Consumers are adapting by reorienting their destinations, timing, budgets and priorities as dynamics keep changing, the report found.
This year’s report, titled “The new travel equation: Macro, machines, motivation,” breaks down trends across three main topics: economic forces, AI’s influence on travel and people’s personal priorities when traveling.
Meyer said the global economy has remained strong, labor markets have been healthy and wage growth has largely outpaced price inflation — dynamics that have supported the continued strength in tourism and travel.
Digging deeper beyond those headline trends, the story becomes more nuanced due to geopolitical forces and foreign exchange rate swings. Several countries with appreciating currencies saw travel spending decline, in some cases substantially, as affordability concerns kicked in for travelers looking for more attractive exchange rates. The reverse also holds, where travelers looking for value will seek destinations with weaker currencies.

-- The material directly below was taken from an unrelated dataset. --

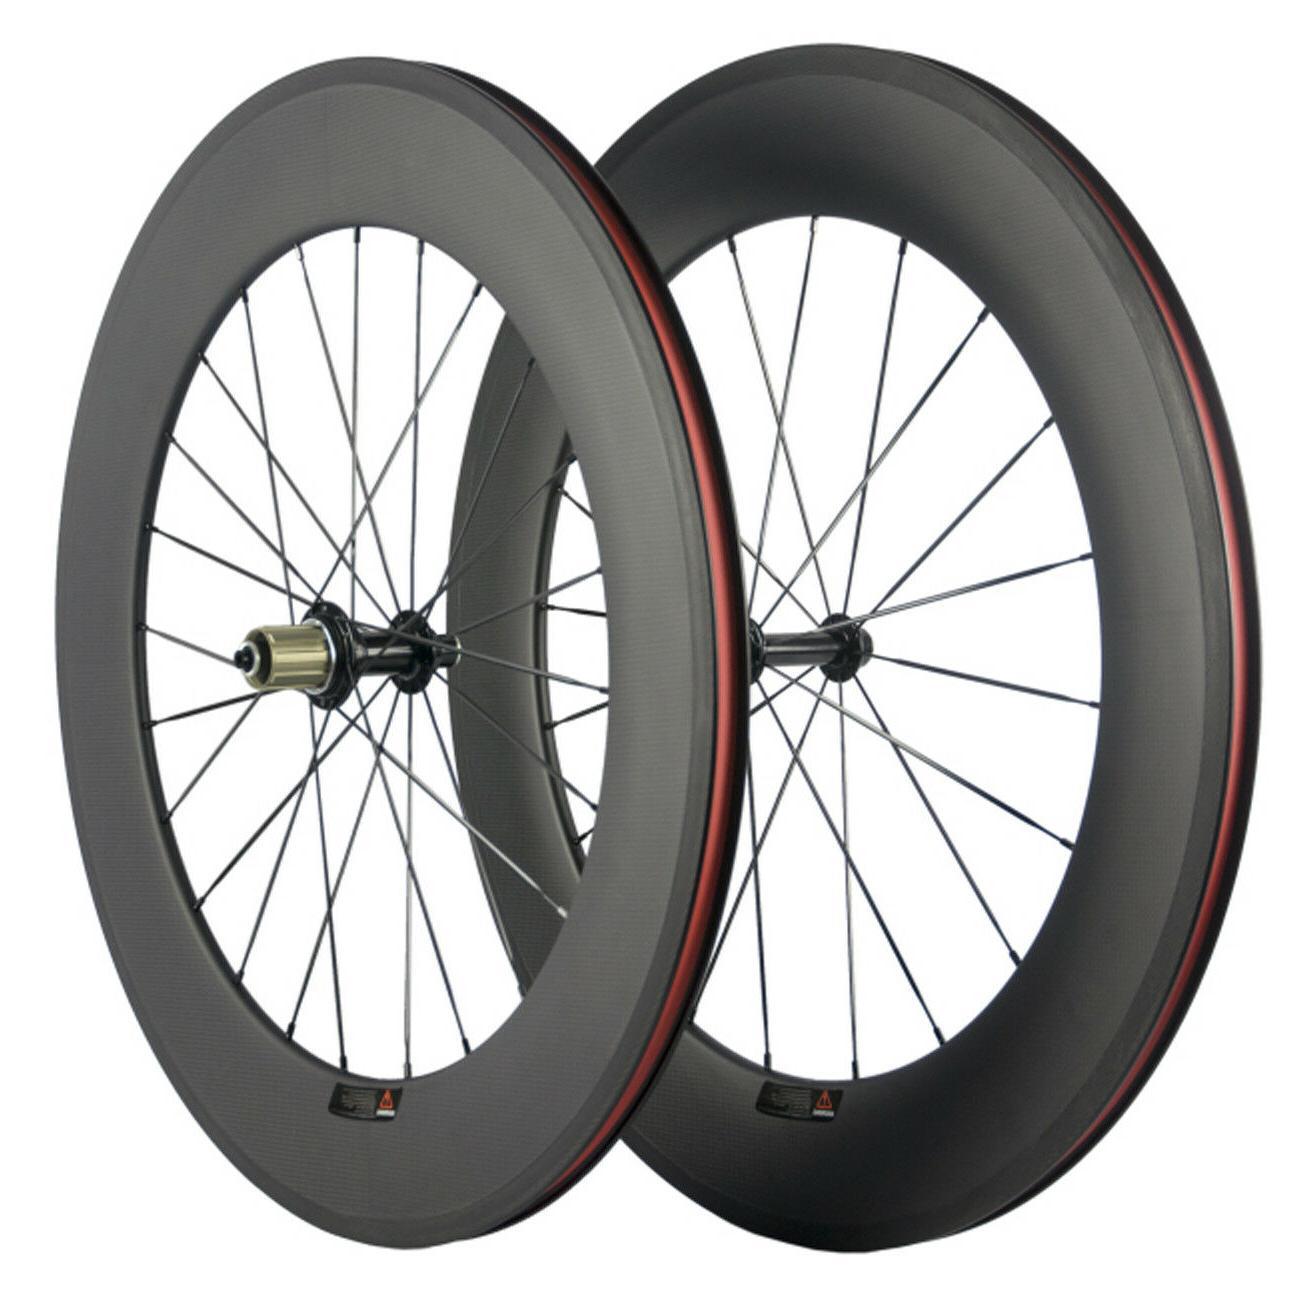 88mm Carbon Wheelset Clinhcer Road Bike Carbon Fiber Front /

Meanwhile, business travel is shifting in other ways. Looking at Mastercard’s aggregated and anonymized data across several markets, MEI found several cities in India are gaining ground in corporate travel. Hyderabad and Bangalore, respectively, took the number three and four spots on MEI’s list tracking corporate travel momentum. Abu Dhabi took the top rank, showing the greatest acceleration in corporate travel relative to leisure, though these rankings were based on 2025 data, prior to the conflict in the Middle East. The cities dominating corporate travel momentum are those with strong IT and AI focus, a clear signal for the path ahead for the global economy.
The Paris travel season is shaping up to be a strong one this summer, according to MEI's analysis. The French capital is seeing the strongest growth relative to last year’s summer schedule, topping a list ahead of four other European destinations.
The growth of generative AI platforms has broadened what travel experiences people are pursuing.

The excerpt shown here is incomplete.